## Aim of the exercise
Pictures appear among the records below and must be omitted. Repeat exactly the lines from the line with "Texture Wallpaper Full" to the line with "Rope secret in", both included.

## Entries provided
---*---

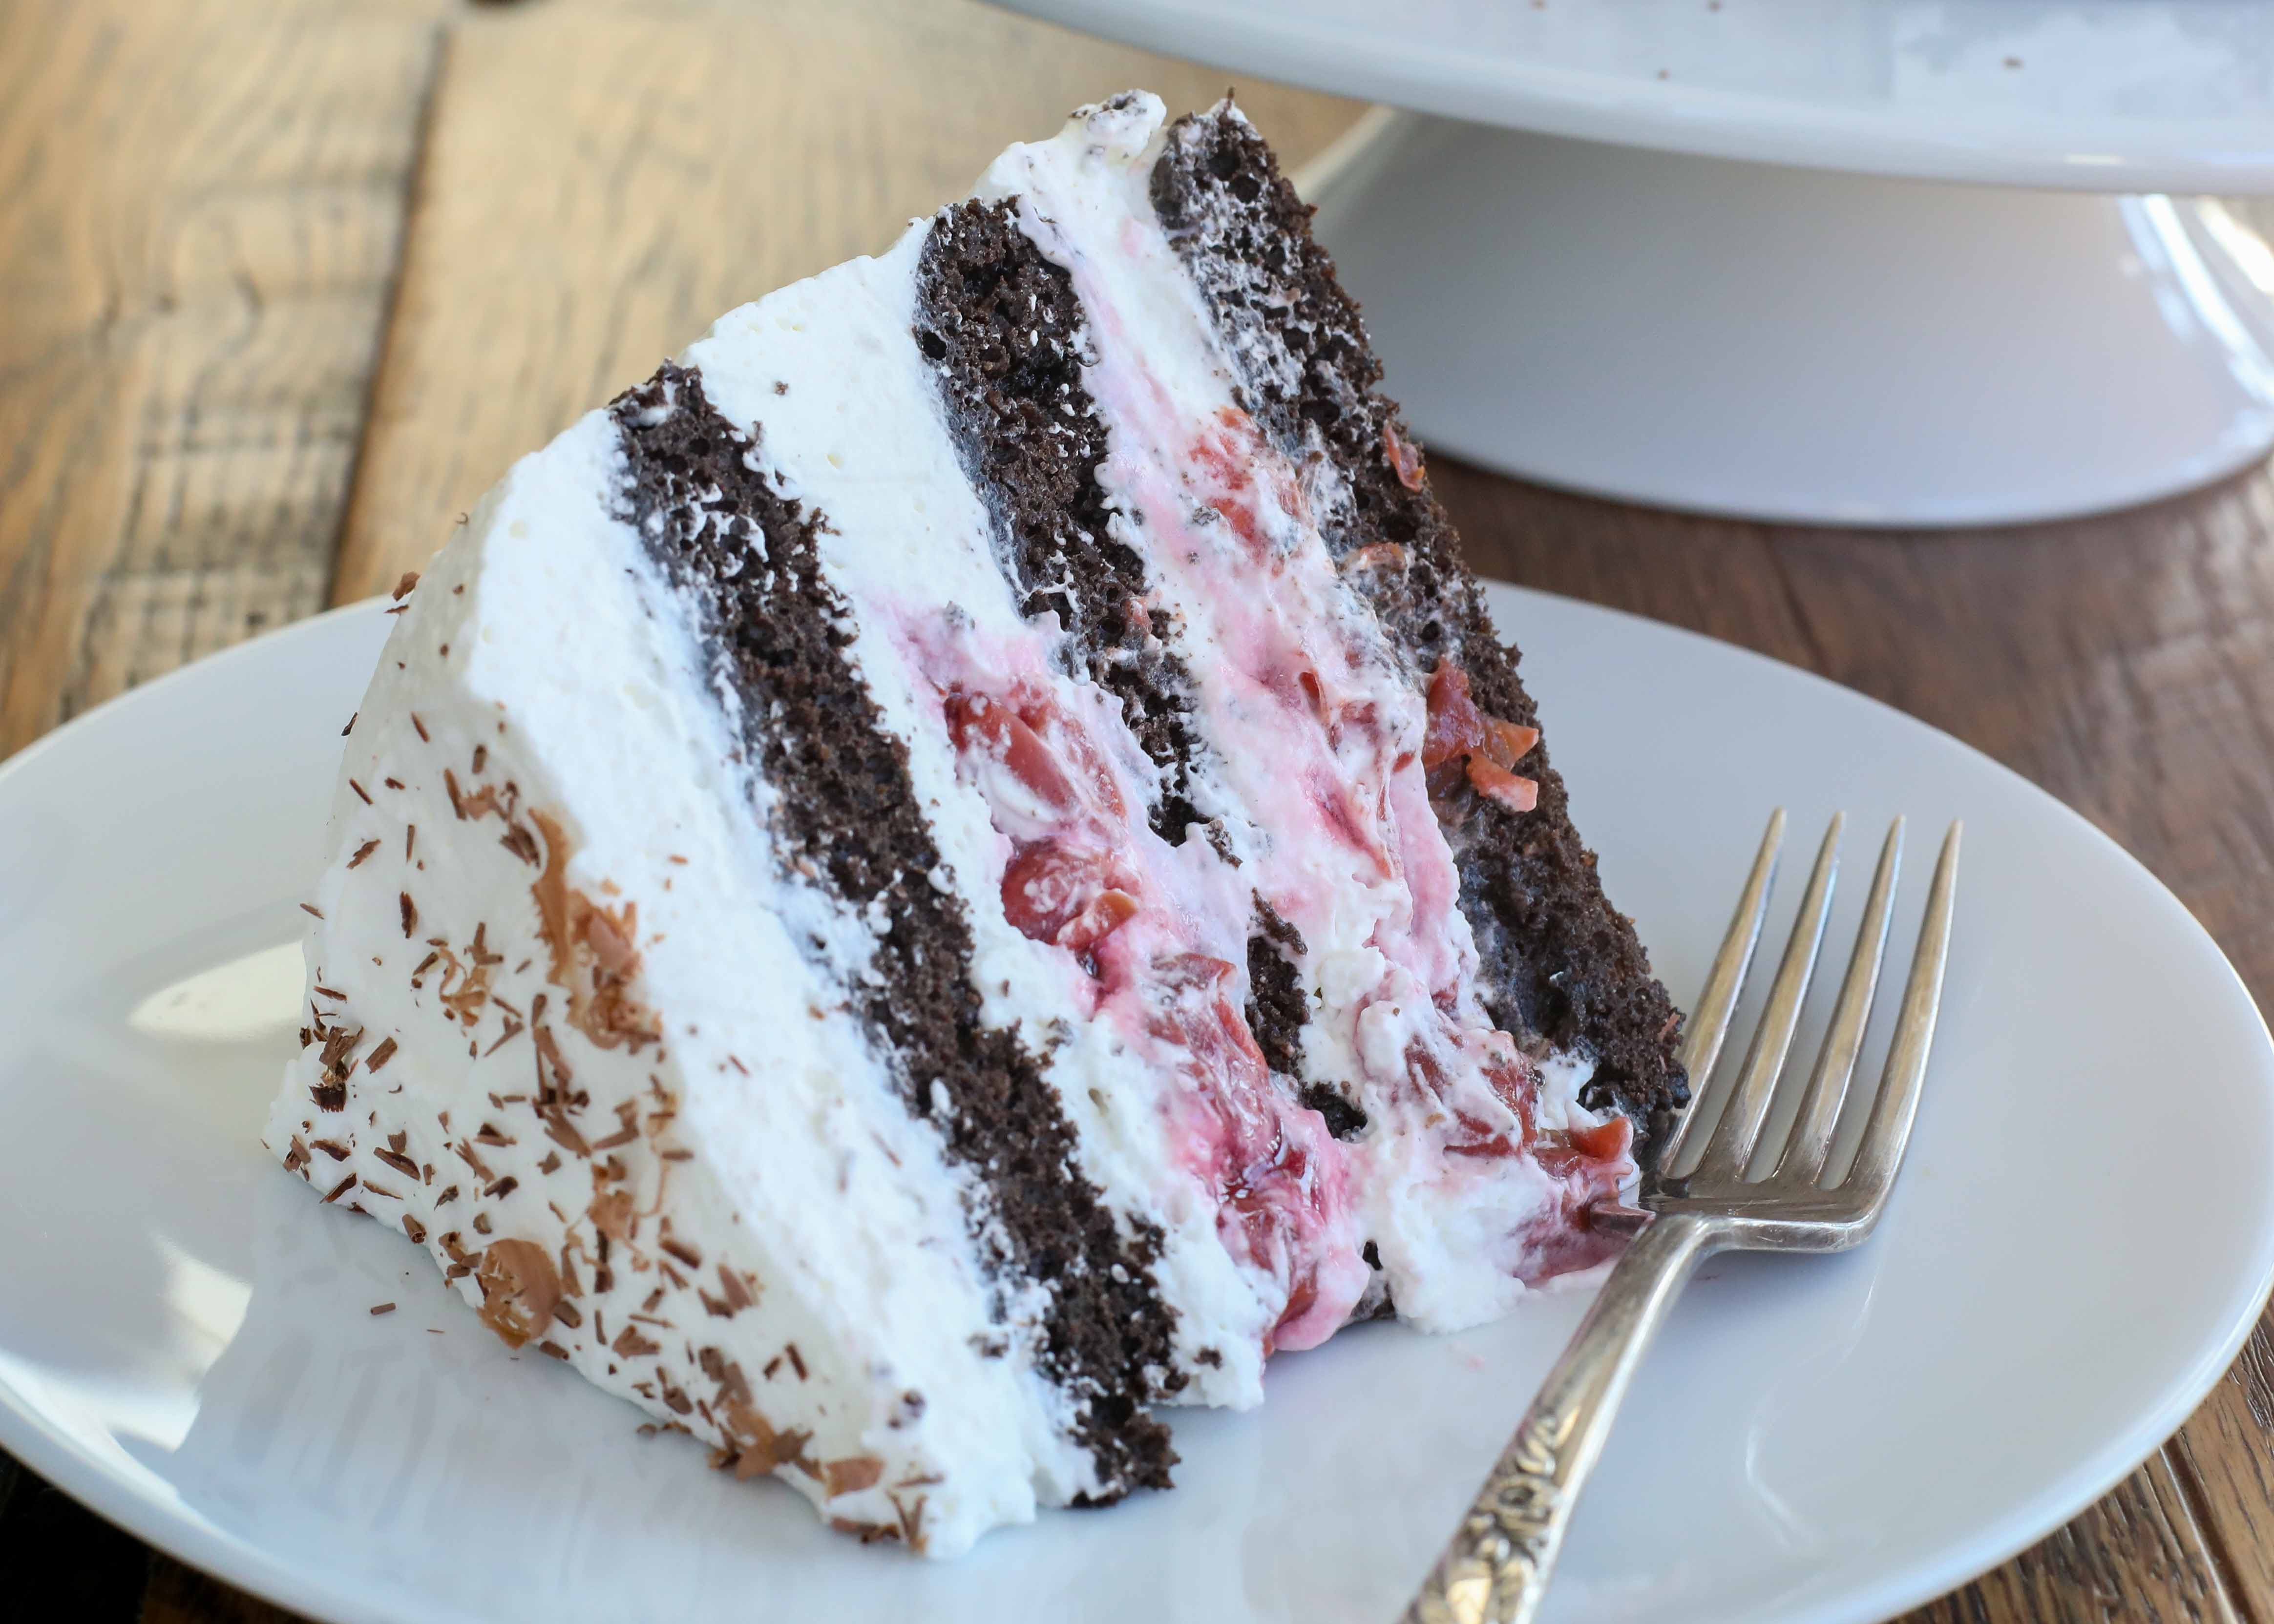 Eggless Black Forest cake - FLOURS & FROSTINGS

---*---

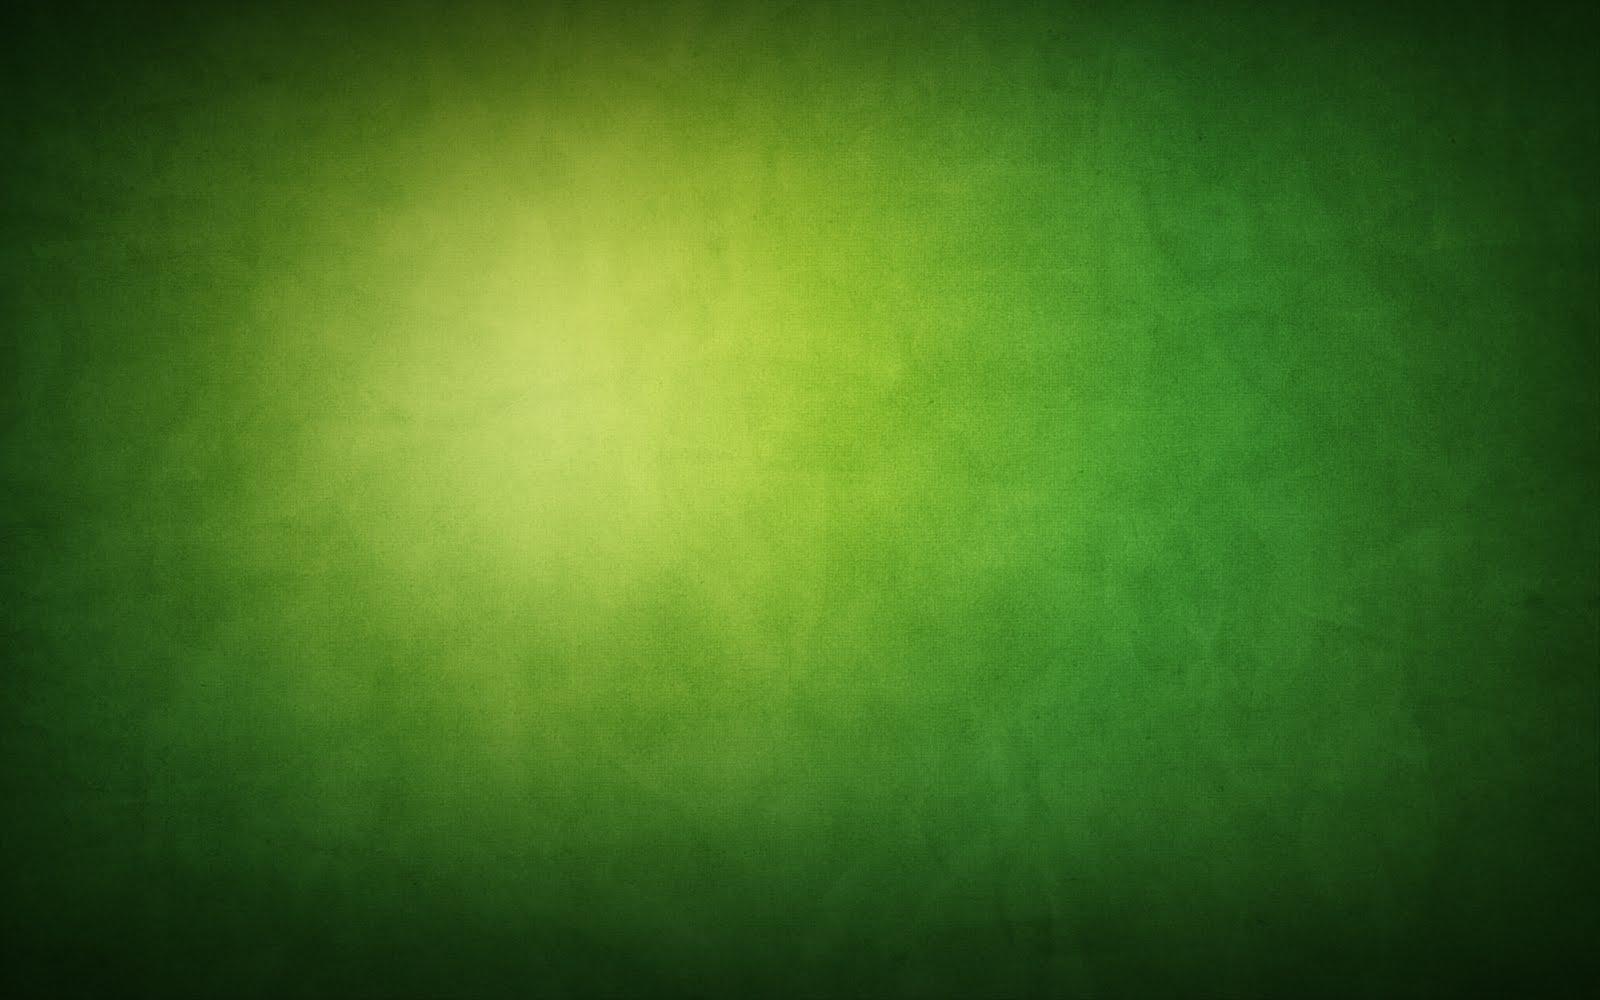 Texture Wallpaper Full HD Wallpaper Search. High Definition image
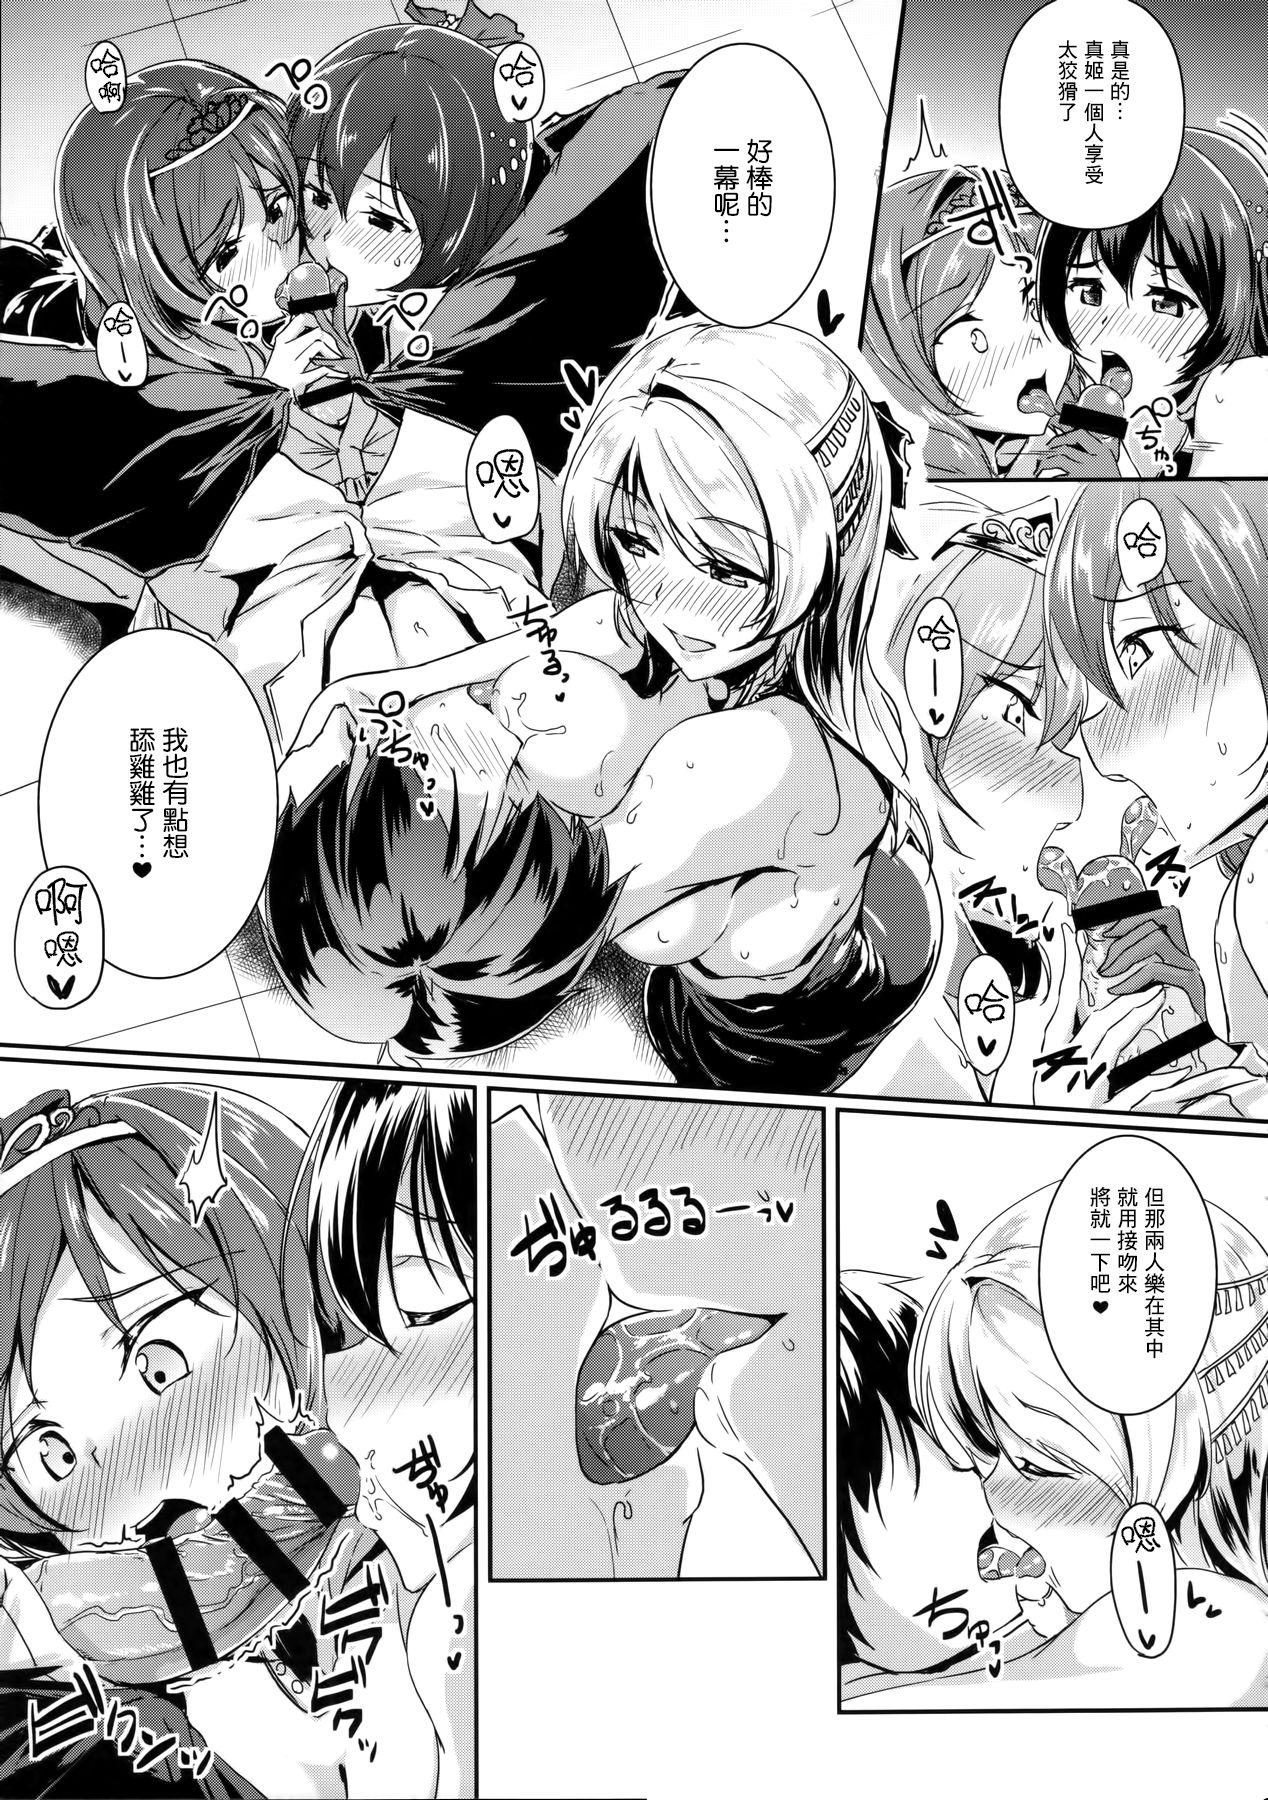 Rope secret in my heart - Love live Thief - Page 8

---*---

## Expected answer
 Texture Wallpaper Full HD Wallpaper Search. High Definition image
 Rope secret in my heart - Love live Thief - Page 8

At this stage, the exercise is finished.